Whether you’re expecting a baby, caring for young children, or simply love seafood, it's important to understand mercury in fish. It may seem like there are conflicting messages about the health benefits of fish and the potential risks of mercury poisoning.
Taking a closer look at the facts can help to clarify the benefits and risks of eating seafood. The reality is that most fish contain at least some mercury, but species that contain low to moderate concentrations can safely be enjoyed on a regular basis.
Why is mercury bad for you?
Regarding mercury in fish, a highly toxic form called methylmercury is the primary concern because it’s harmful to humans in large quantities. High levels of mercury can damage the nervous system, especially in developing fetuses and young children.

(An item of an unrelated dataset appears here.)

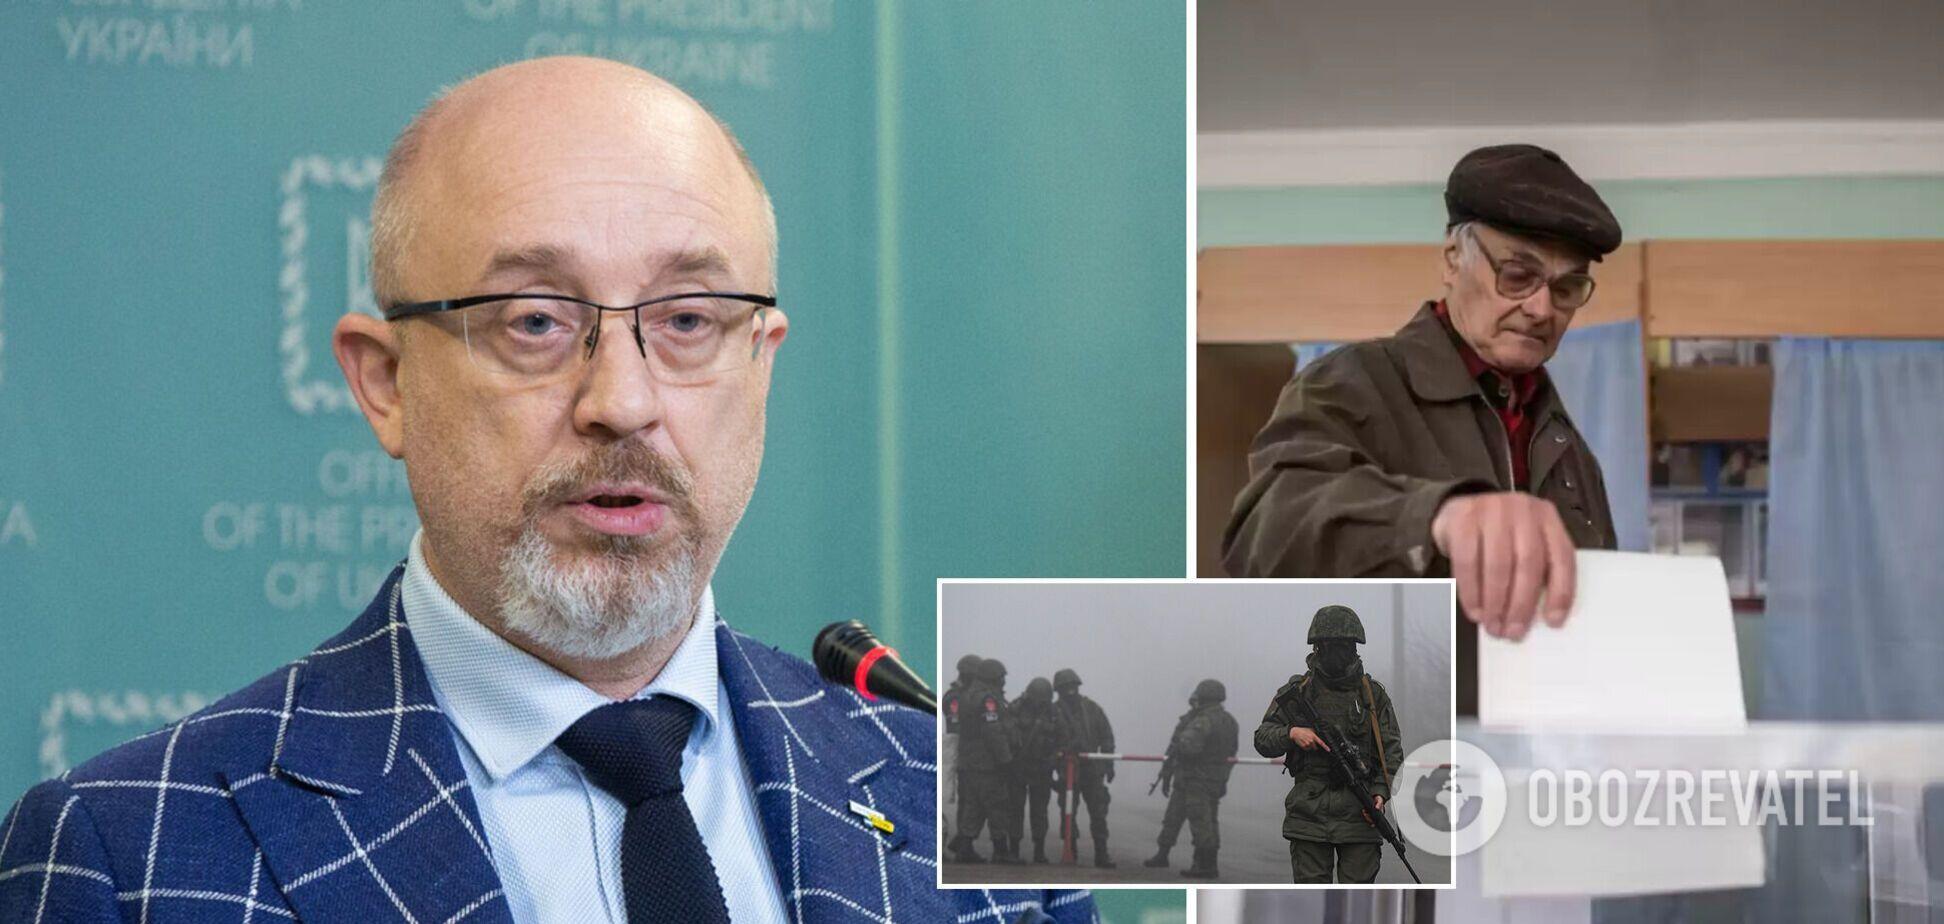 Резніков заявив про необхідність 'охолодження' в ОРДЛО

This type of mercury exposure in the womb can lead to cognition, memory, and language issues. In adults, mercury poisoning can impact coordination, muscle strength, speech, hearing, and vision. However, most people have a little bit of mercury in their bodies at low levels that doesn’t cause problems.
According to the Environmental Protection Agency (EPA), in the United States, almost all mercury exposure happens when people eat fish high in mercury.
How Mercury Gets into Fish and Shellfish
Mercury emissions come from various sources like volcanoes, forest fires, and burning fossil fuels. Once in the water, mercury transforms. Tiny organisms, like bacteria, can convert it into methylmercury, which small aquatic plants and animals absorb.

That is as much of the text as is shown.